扫码得到JBCUGVCGPN2VMM3YPBRTOUZYNF4UETSUPB2GM6DWKBZE6N2SIZCTGZ2MOBZG6OLBGNAVOMSLKB6Q====

b32 ->HECTF{uV3xxc7S8iyBNTxtfxvPrO7RFE3gLpro9a3AW2KP}

简单的压缩包

根据正则爆出来口令np76_

解压得到一张图片，binwalk得到一个压缩包和一个脚本，AES解密即可

from Crypto.Cipher import AES
from Crypto.Util.Padding import unpad
import binascii

def decrypt(key, iv, encrypted_data):

    cipher = AES.new(key, AES.MODE_CBC, iv)
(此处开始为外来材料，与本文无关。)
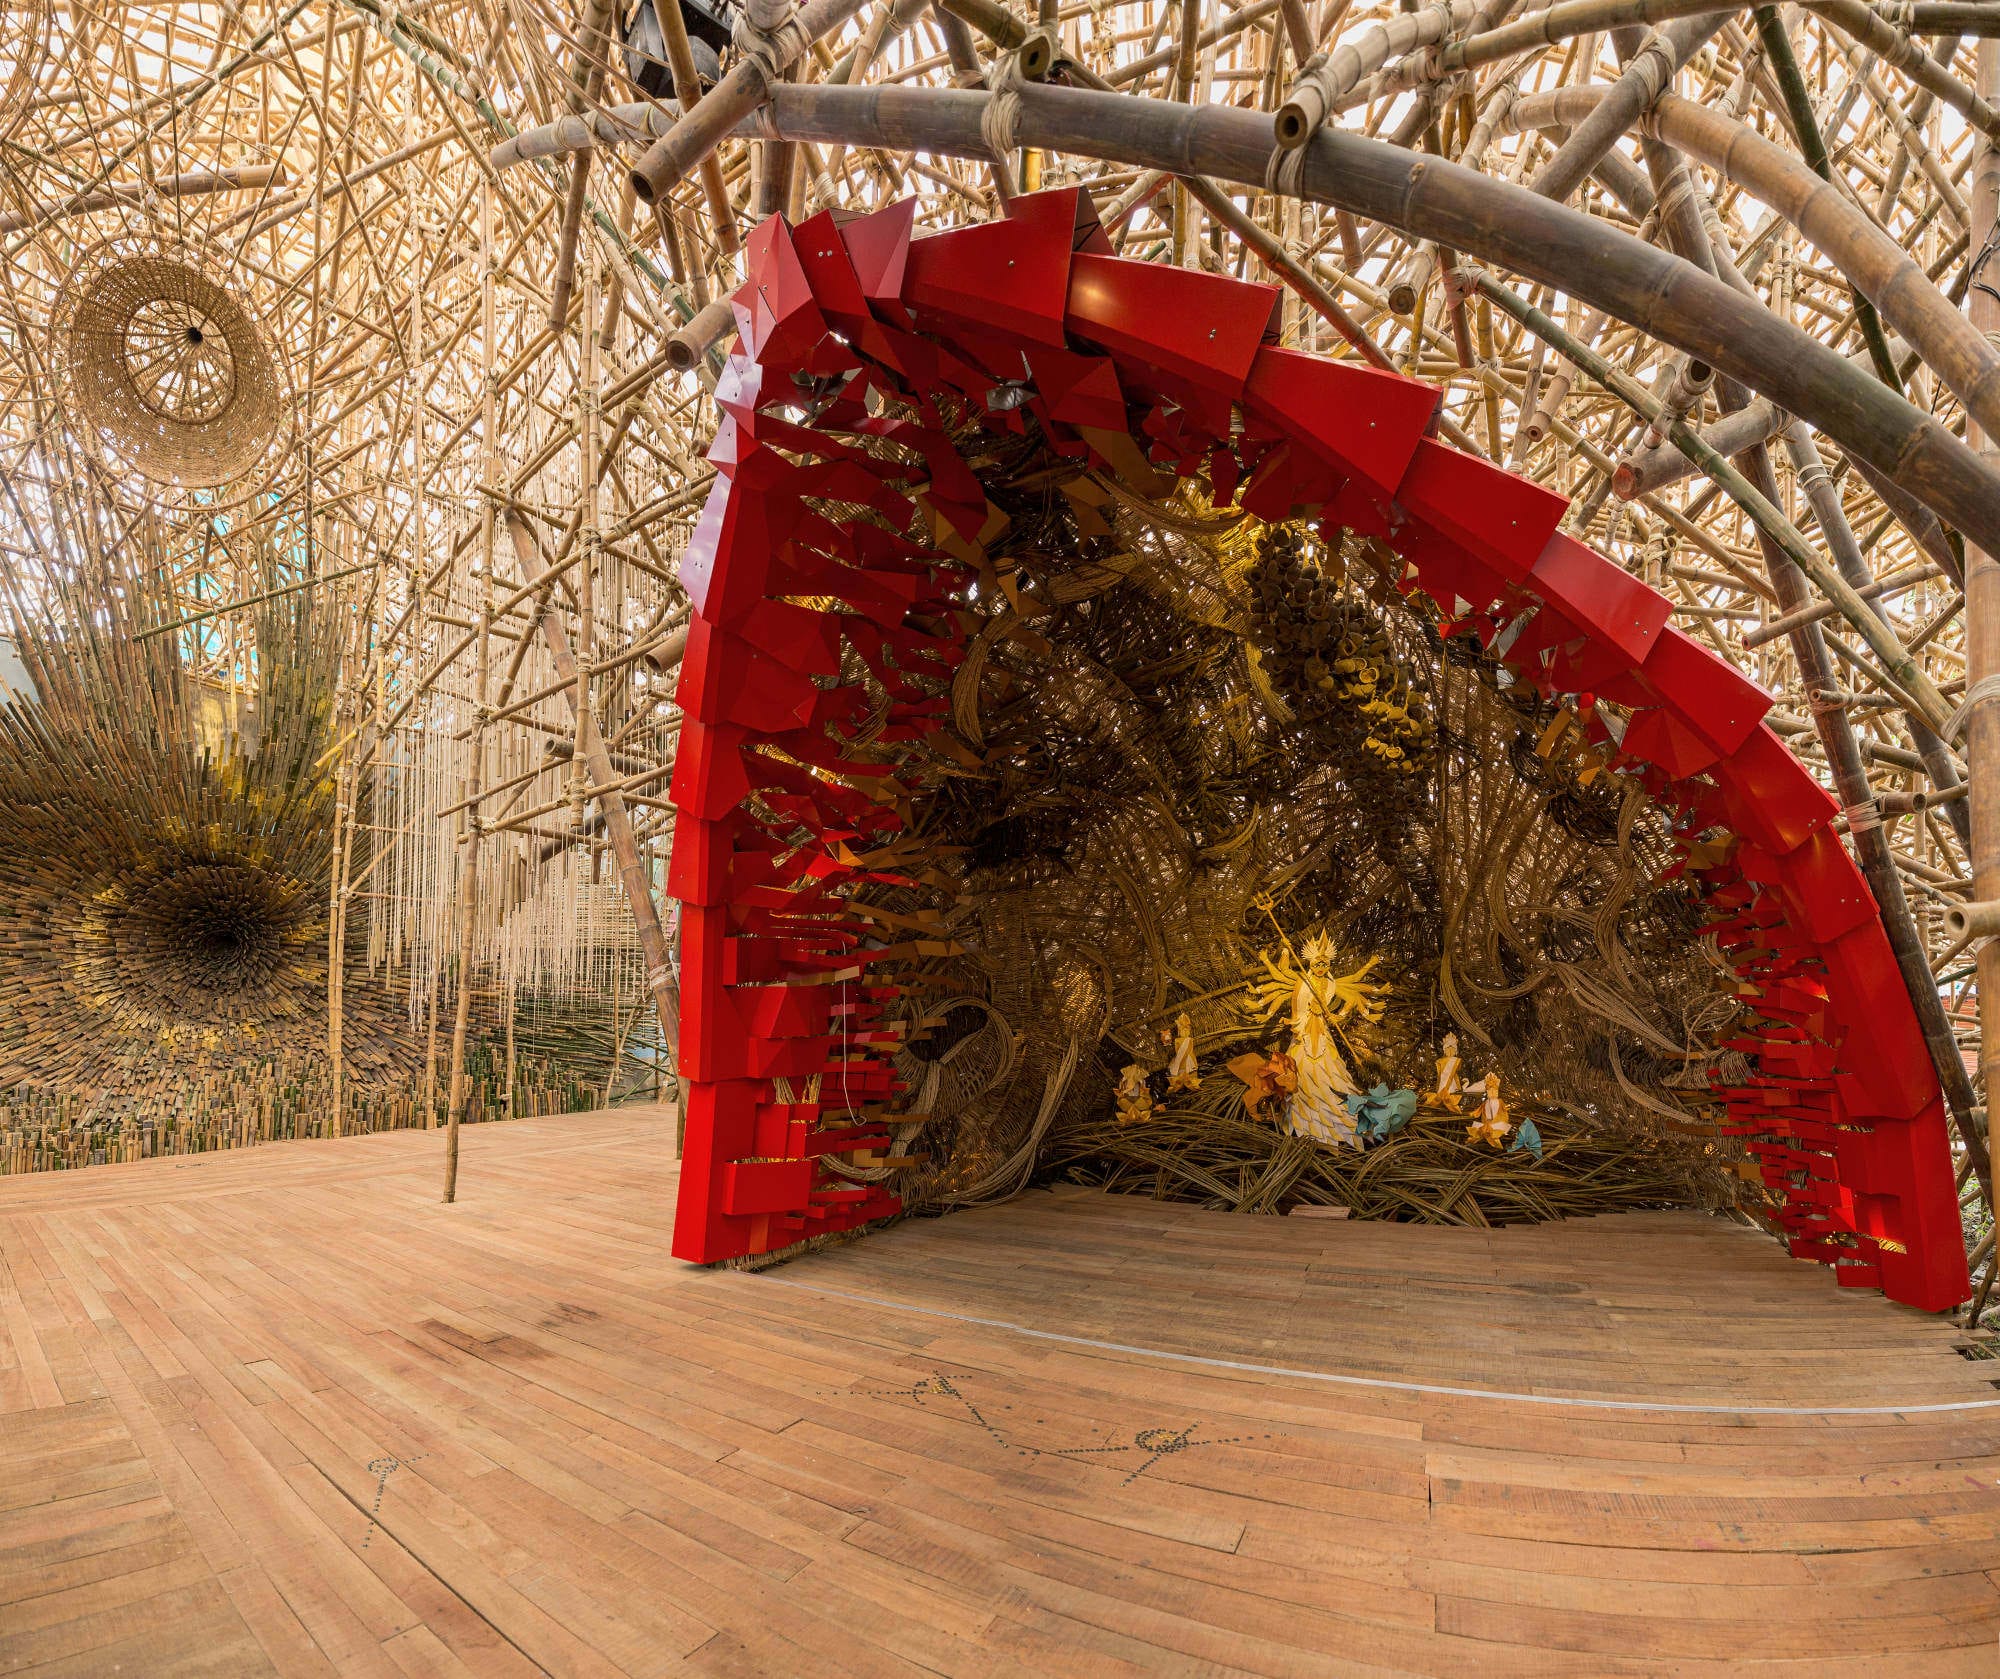 a large bamboo installation with a red shell structure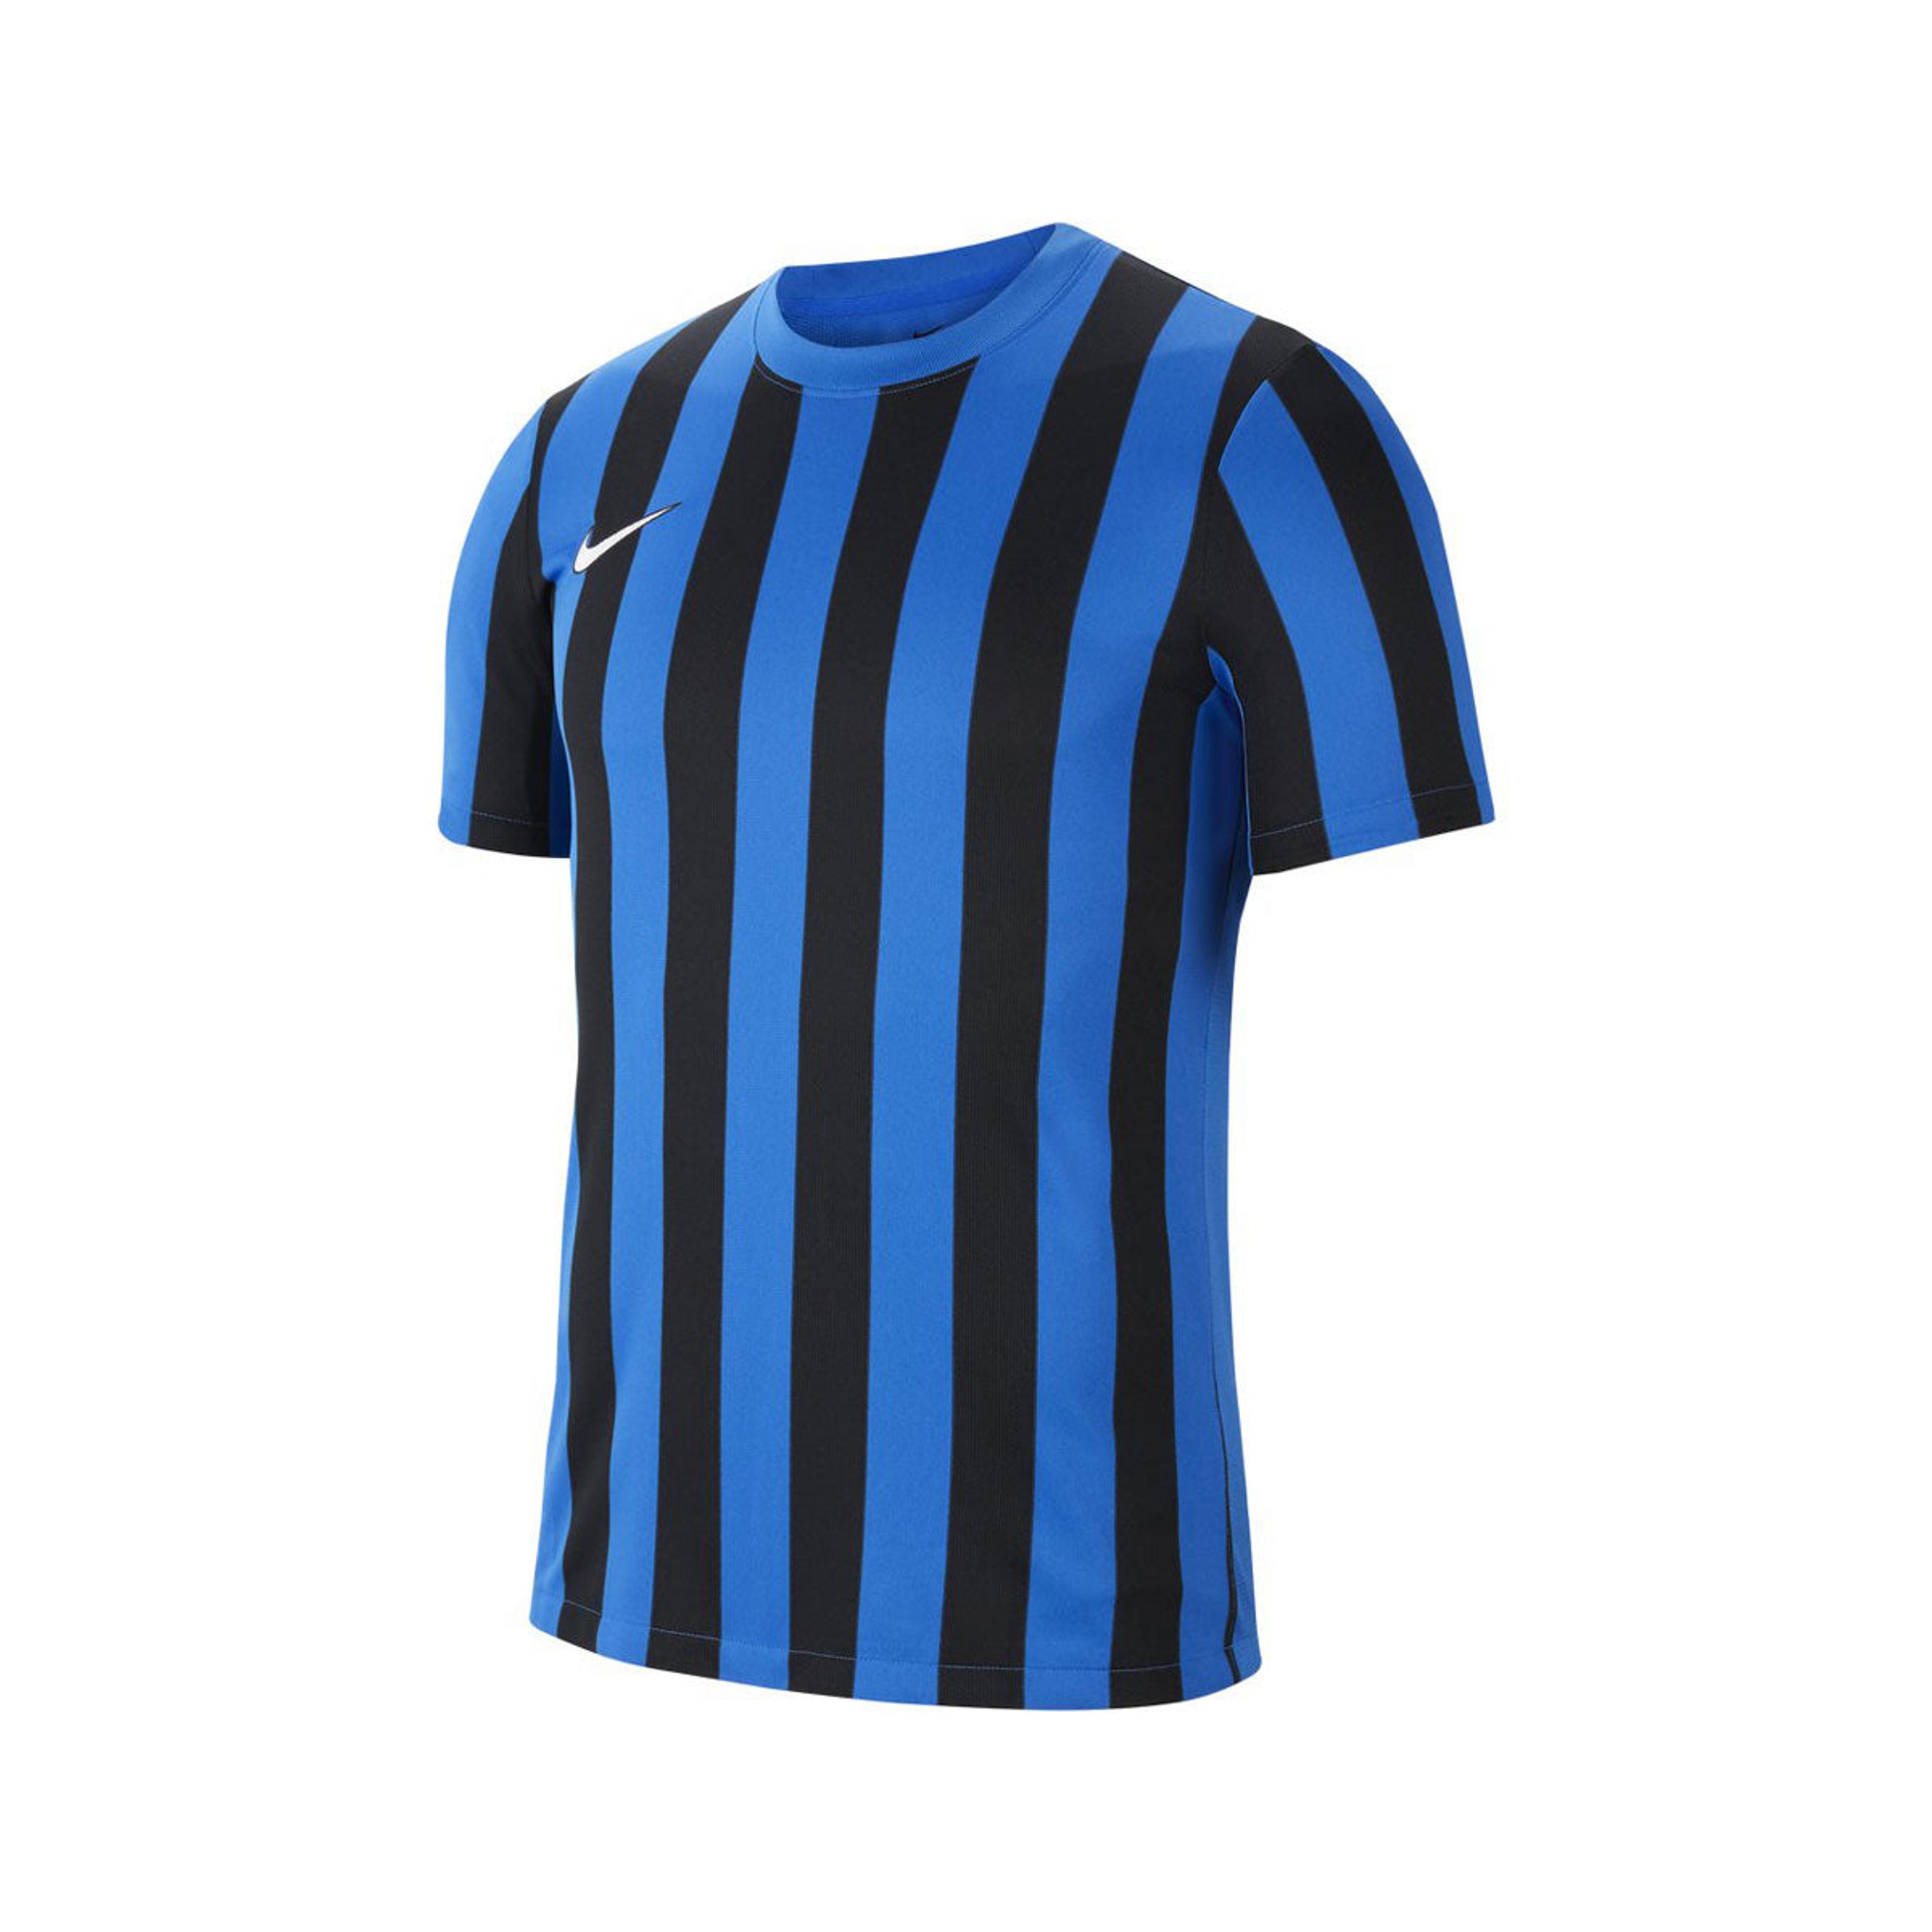 Nike Men's Striped Division 4 Jersey

    decrypted_data = cipher.decrypt(encrypted_data)

    return unpad(decrypted_data, 16)

input_file = "zip.zip"
output_file = "decrypt.zip"

key = b"abcdefghijklmnop"  
iv = b"qwertyuiopasdfgh"  

with open(input_file, "rb") as f:
    encrypted_content = f.read()

try:
    encrypted_content = binascii.a2b_hex(encrypted_content) 
except binascii.Error:
    pass 

decrypted_content = decrypt(key, iv, encrypted_content)

with open(output_file, "wb") as f:
    f.write(decrypted_content)

print(f"解密完成，保存到文件 {output_file}")

HECTF{c292af1-2b2ee35-6398bd4934f7626afc}